*** Collected material ***

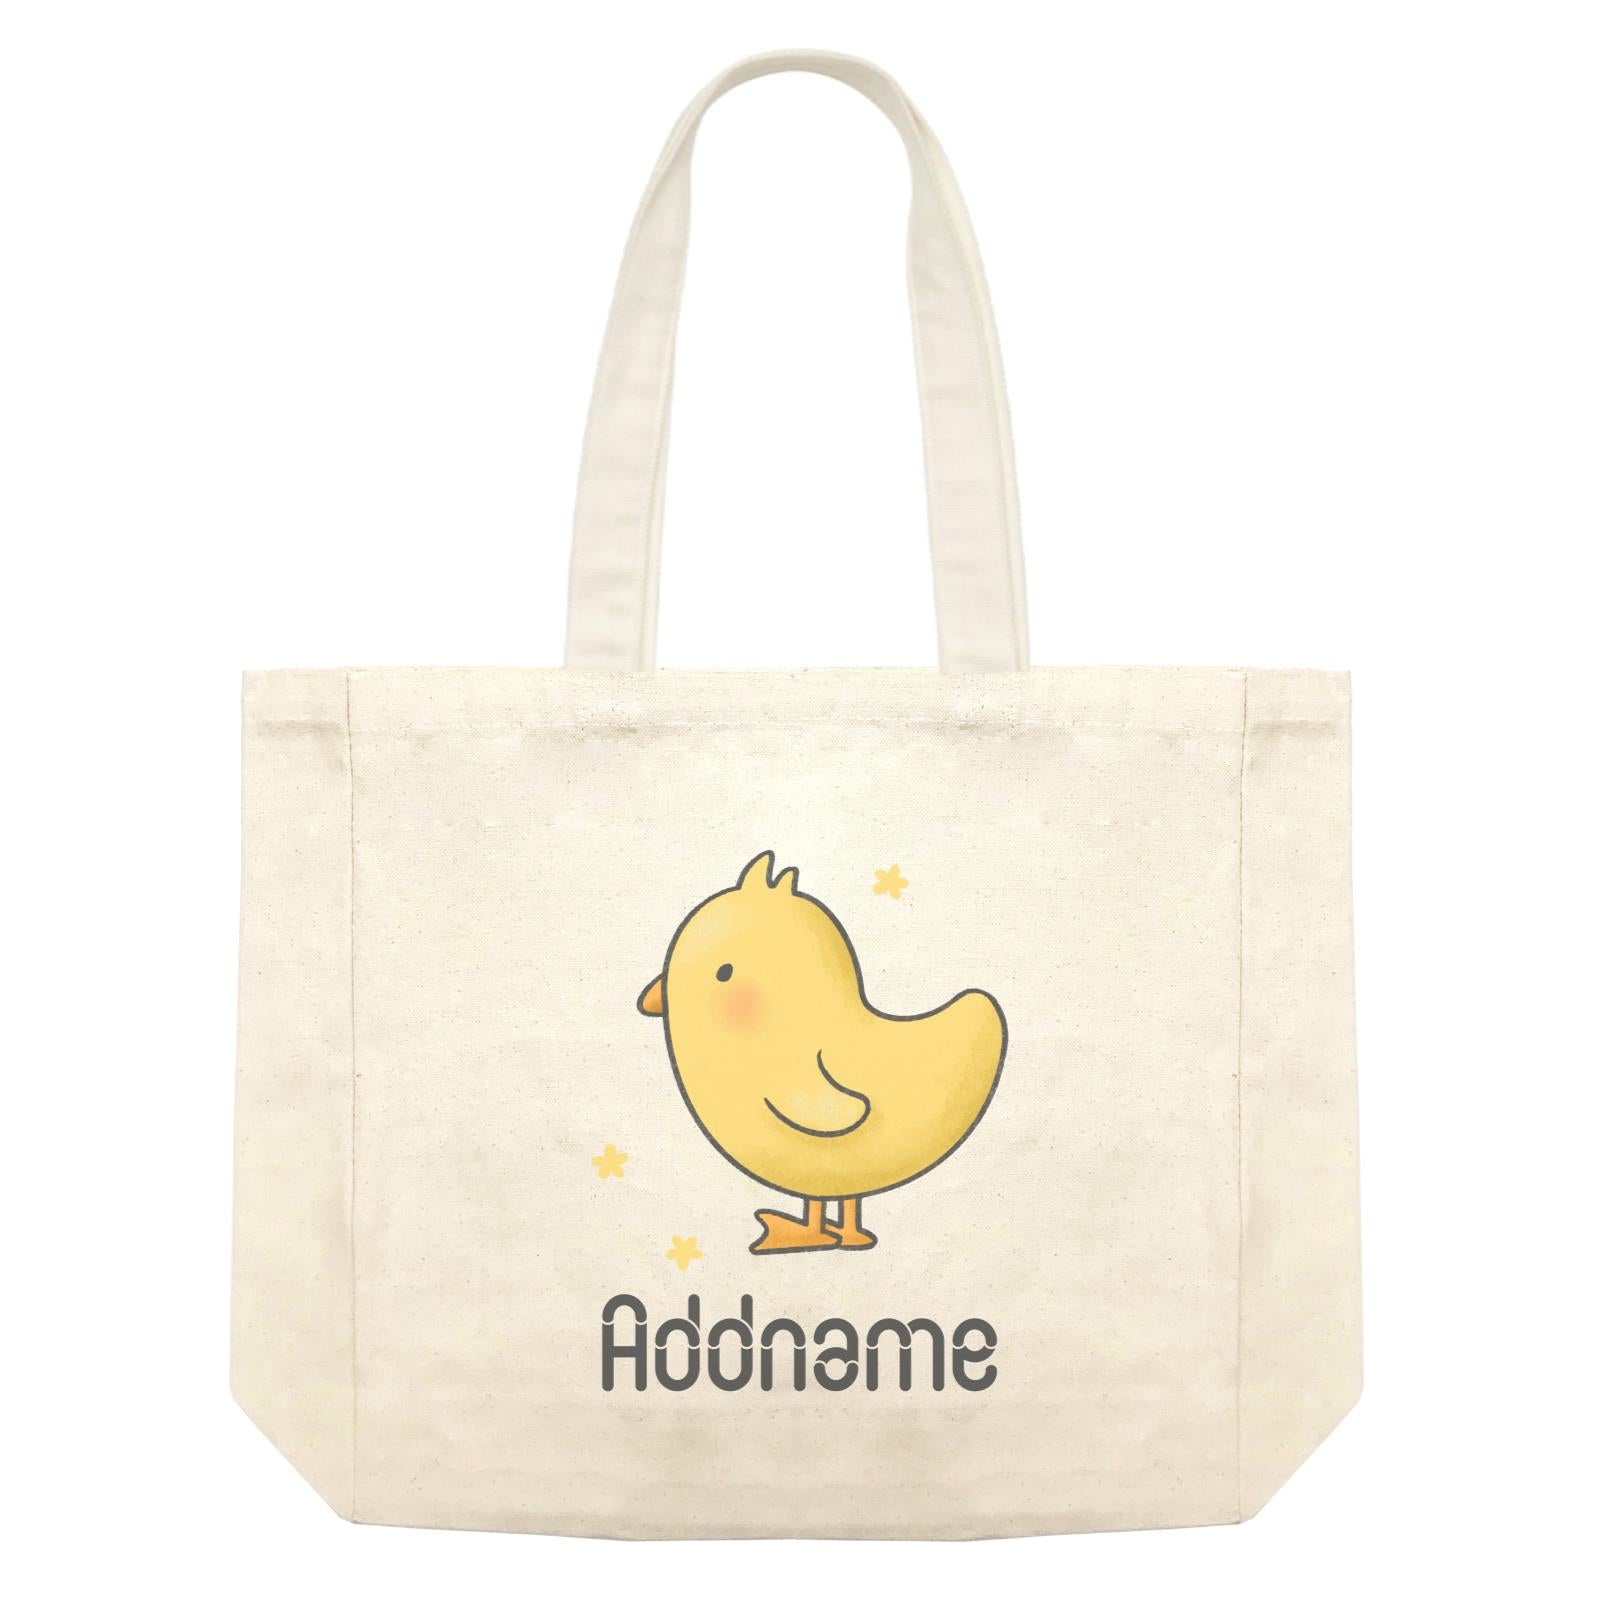 Cute Hand Drawn Style Chick Addname Shopping Bag
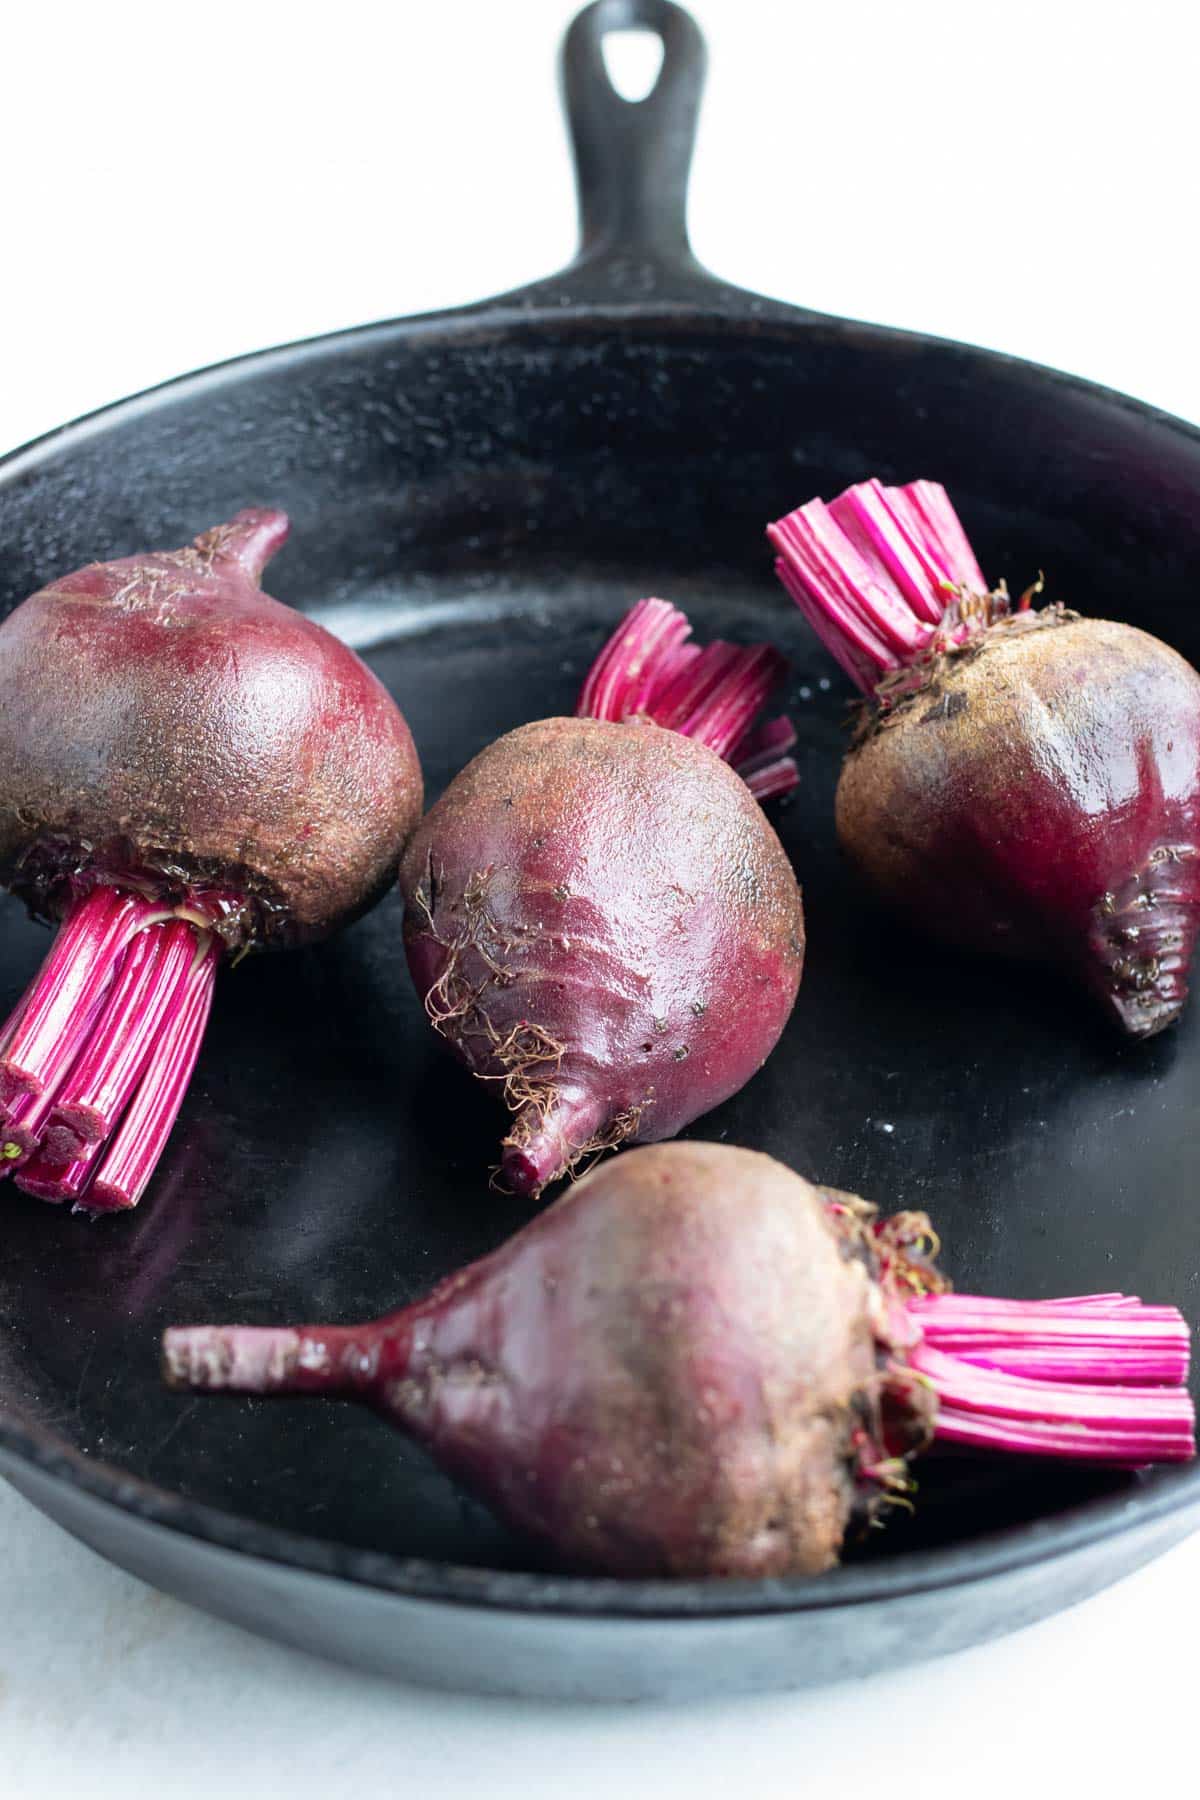 Beets are added to a cast iron skillet and baked in the oven.
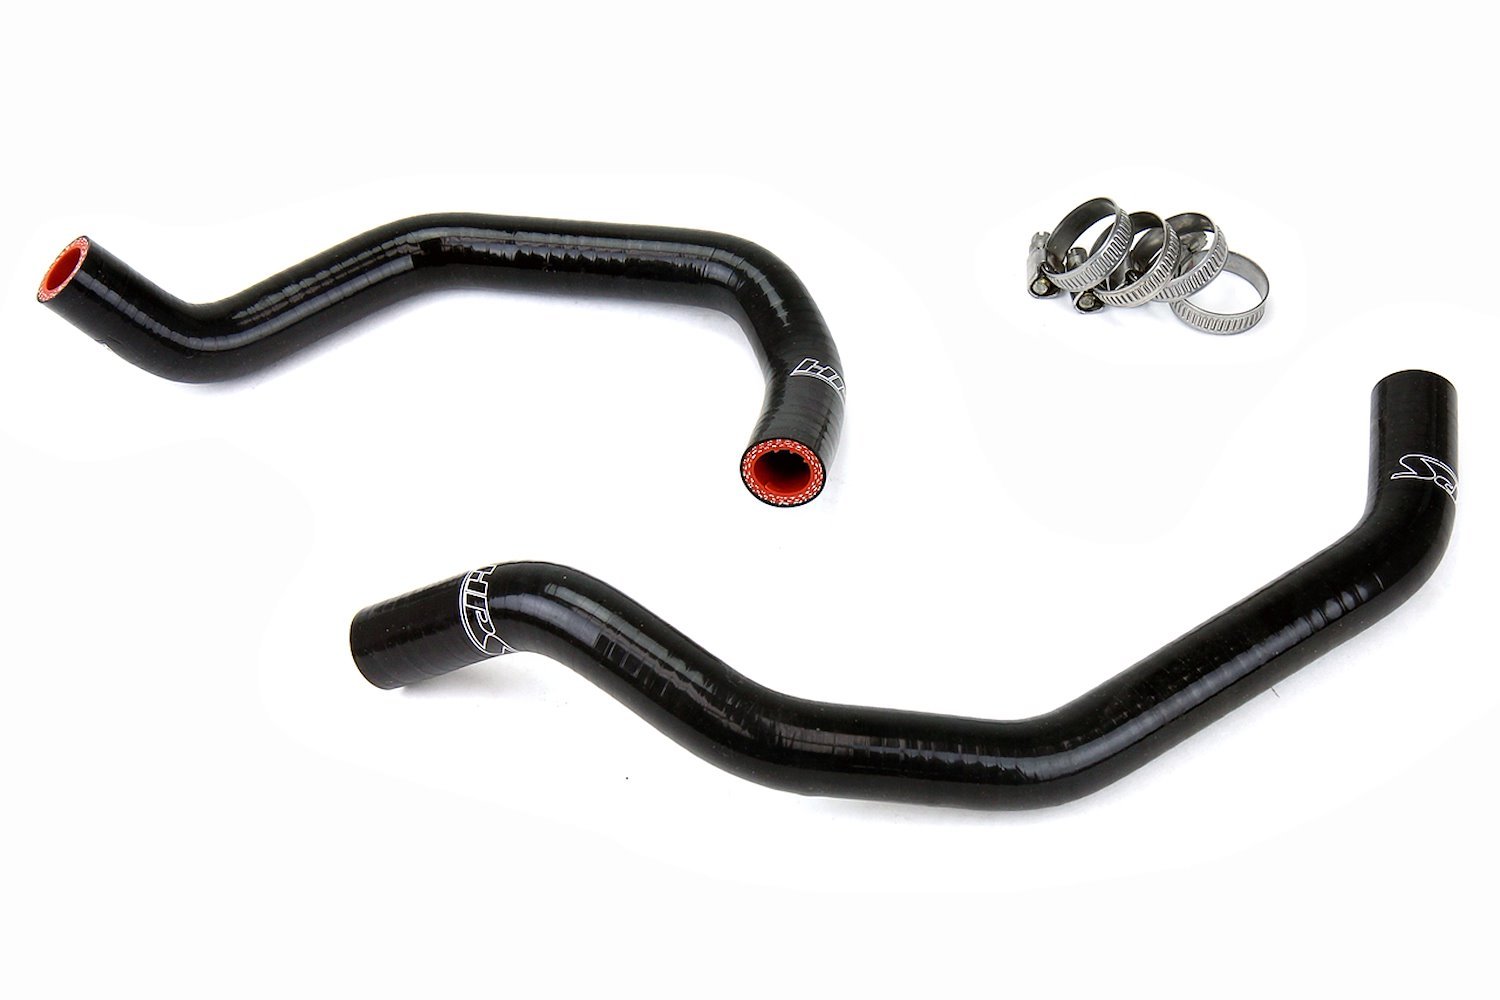 57-1342-BLK Heater Hose Kit, High-Temp 3-Ply Reinforced Silicone, Replace OEM Rubber Heater Coolant Hoses
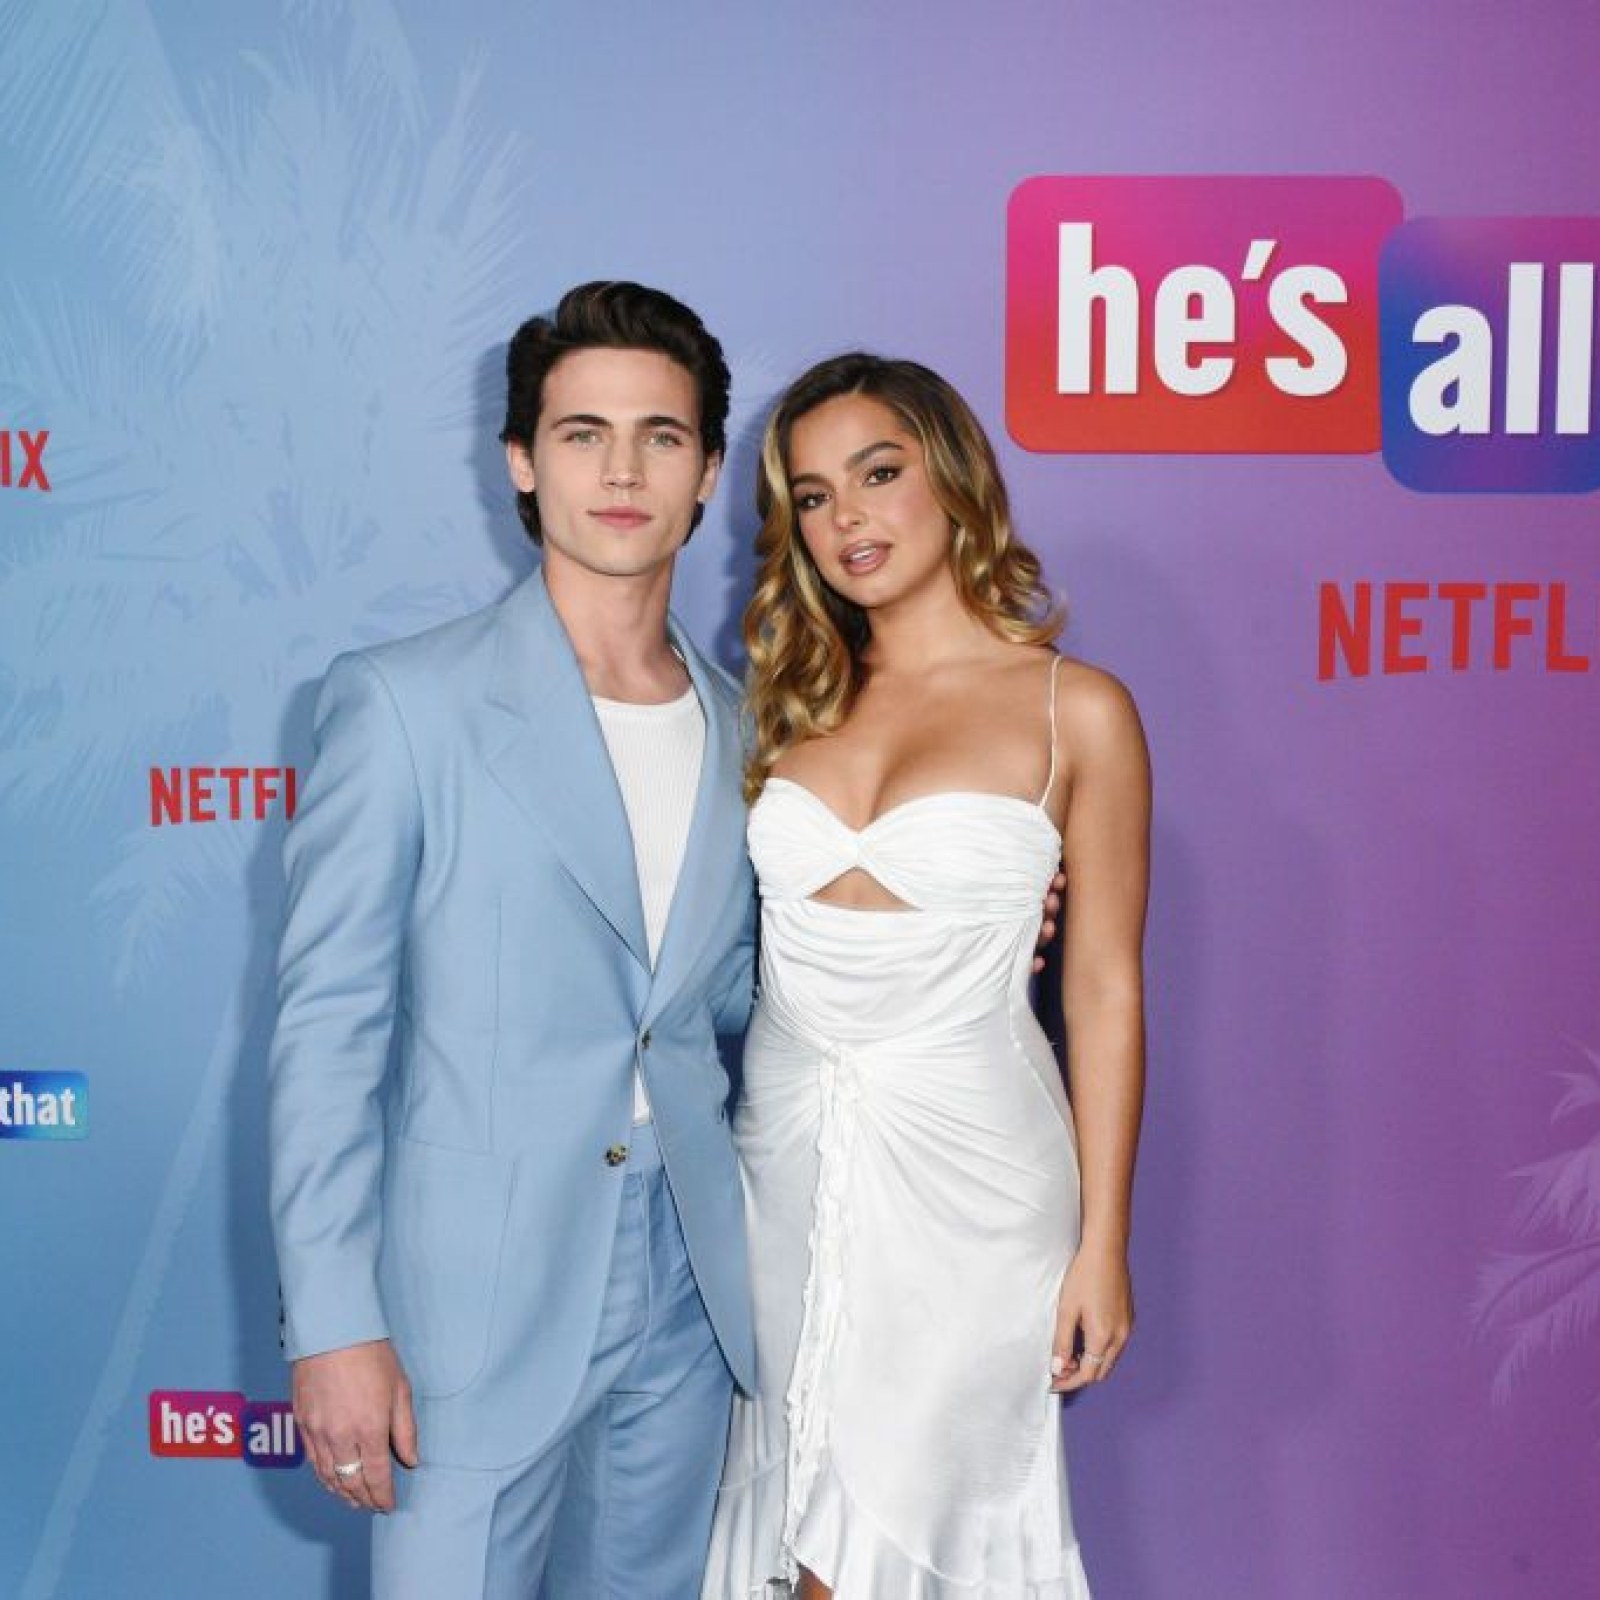 He's All That': Addison Rae Apologizes To Co-Star Tanner Buchanan

*** End of Collected material ***

Task directions >>
Reproduce word for word only the lines between the line containing "Beets are added" and the end of the listing above, both included, and drop any pictures.

Solution >>
 Beets are added to a cast iron skillet and baked in the oven.
 57-1342-BLK Heater Hose Kit, High-Temp 3-Ply Reinforced Silicone, Replace OEM Rubber Heater Coolant Hoses
 He's All That': Addison Rae Apologizes To Co-Star Tanner Buchanan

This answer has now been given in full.